Data607HW5

Overview: Tidying and Transforming Data

In this assignment we are provided an untidy dataset of containing flight counts for two airlines and five cities by flight status (on time vs. delayed). Our task is to create a csv file for this information in wide format and then, using dplyr and tidyr, put it into tidy form. We are also asked to analyze the data and create appropriate graphics related to the following interactions:

A comparison of the per-city on time performance of each airline.
The overall on time performance of each airline.

We are also asked to explain any discrepancies between the overall and on time performances as well as any paradoxical conclusions.

I divided this work into the following steps:

Create an untidy CSV file identical in layout to our homework sheet.
Import the csv into RStudio and put it in tidy form with appropriate formatting.
Calculate summary statistics for the data
Plot data graphics
Discuss conclusions
Provide URLs for my work on Github & Rpubs

Step 2. Read and Clean Untidy CSV File

I completed Step 1 outside of RPubs. I then imported the resulting untidy csv file (numbersense.csv) into Rstudio and converted it to tidy form using the tidyverse library - which includes dplyr and tidyr.
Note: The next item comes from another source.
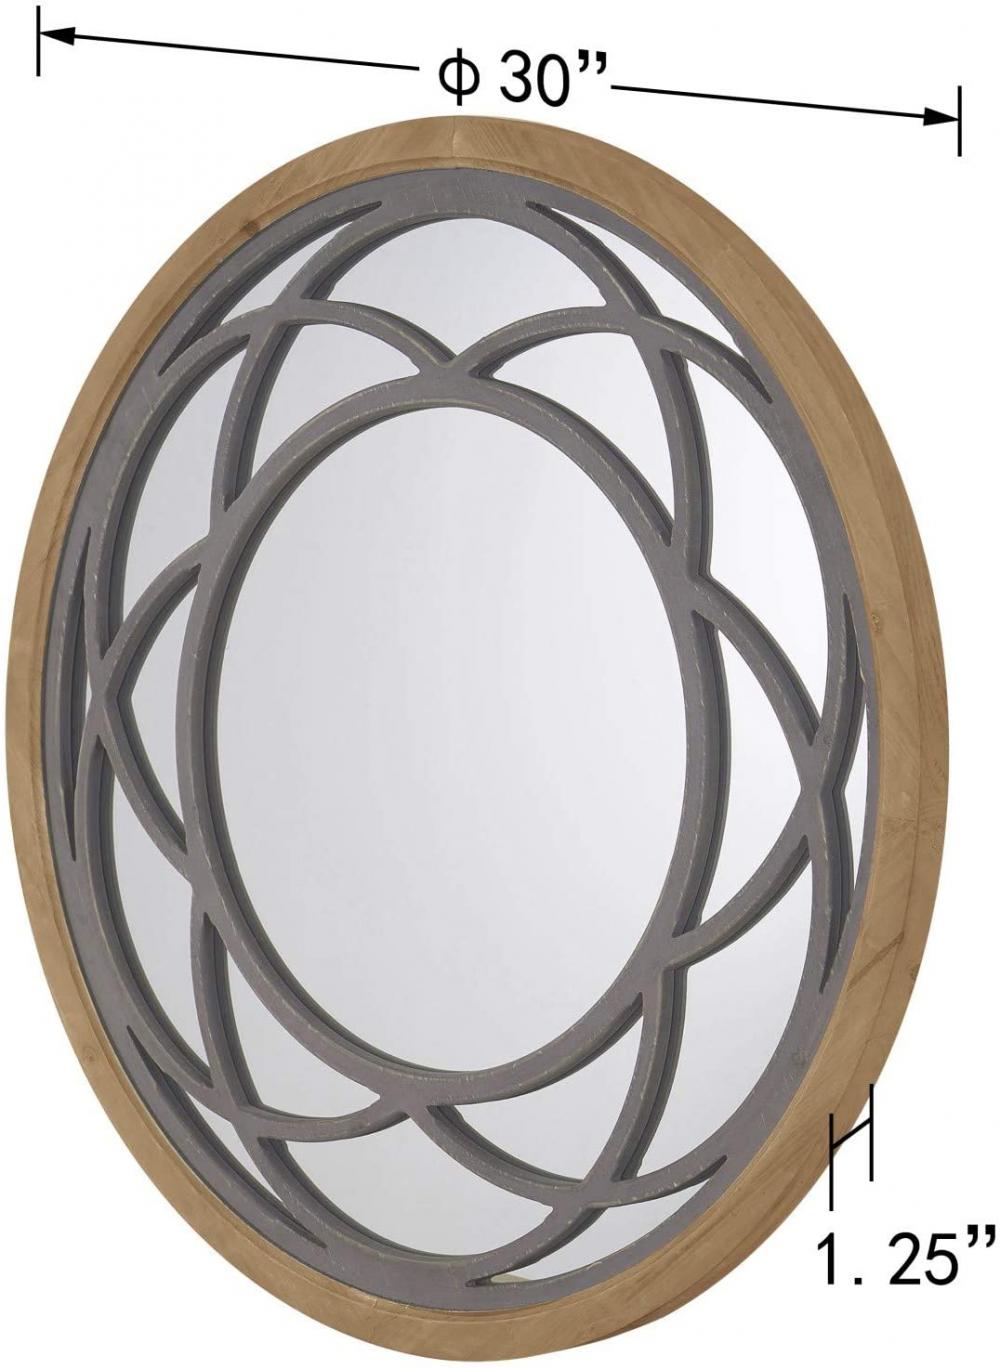 Espelho de parede decorativo redondo rústico

I then saved the resulting dataframe as a separate csv file (hwfivecldata.csv).

In addition, I developed a SQL script to create and populate the latter into my local MYSQL database. I also attempted to upload the dataset to an AWS RMD but was not successful.

# Read in csv file

num <- read.csv("numbersense.csv", sep=",")

#Tidy the dataframe

num%<>%mutate(Phoenix=str_remove(Phoenix, ","))%>%mutate(Seattle=str_remove(Seattle, ","))

num%<>%mutate_at(c(4,7), as.numeric) 

num%<>%clean_names()%>%pivot_longer(cols=-c(i:x), names_to = "City", values_to = "Flight_Count", values_drop_na=TRUE)

num%<>%rename(Airline = i, Flight_Status=x)
num[c(6:10),1] ="ALASKA"
num[c(16:20),1] ="AMWEST"
num <- num %>% mutate(Id = row_number())%>%relocate(Id, .before = Airline)

# Create table for first five rows

head(num, 5)%>%kbl%>%kable_material(c("striped"))

Id	Airline	Flight_Status	City	Flight_Count
1	ALASKA	on time	los_angeles	497
2	ALASKA	on time	phoenix	221
3	ALASKA	on time	san_diego	212
4	ALASKA	on time	san_francisco	503
5	ALASKA	on time	seattle	1841

# Save as csv file for import into MYSQL

write.csv(num,"C:\\Users\\seanc\\Documents\\Data_Science\\CUNY\\Data 607 Acquisition and Management\\Assignments\\WK5\\MyData.csv", row.names = FALSE)

Step 3. Summary Statistics

First, I calculated on-time performance by airline and city. Then I calculated it for the airlines.

On-time performance was determined by dividing on-time arrival counts by the sum of on-time and delayed counts for each airline.

Finally, I calculated the total number of flights documented for each airline.

# Compute performance metric for each airline by city.

(air_city<-num%>%select(Airline, Flight_Status, City, Flight_Count)%>%pivot_wider(names_from = Flight_Status, values_from = Flight_Count)%>%clean_names()%>% mutate(performance=round((on_time/(on_time+delayed))*100)))

air_city%>%kbl%>%kable_material(c("striped"))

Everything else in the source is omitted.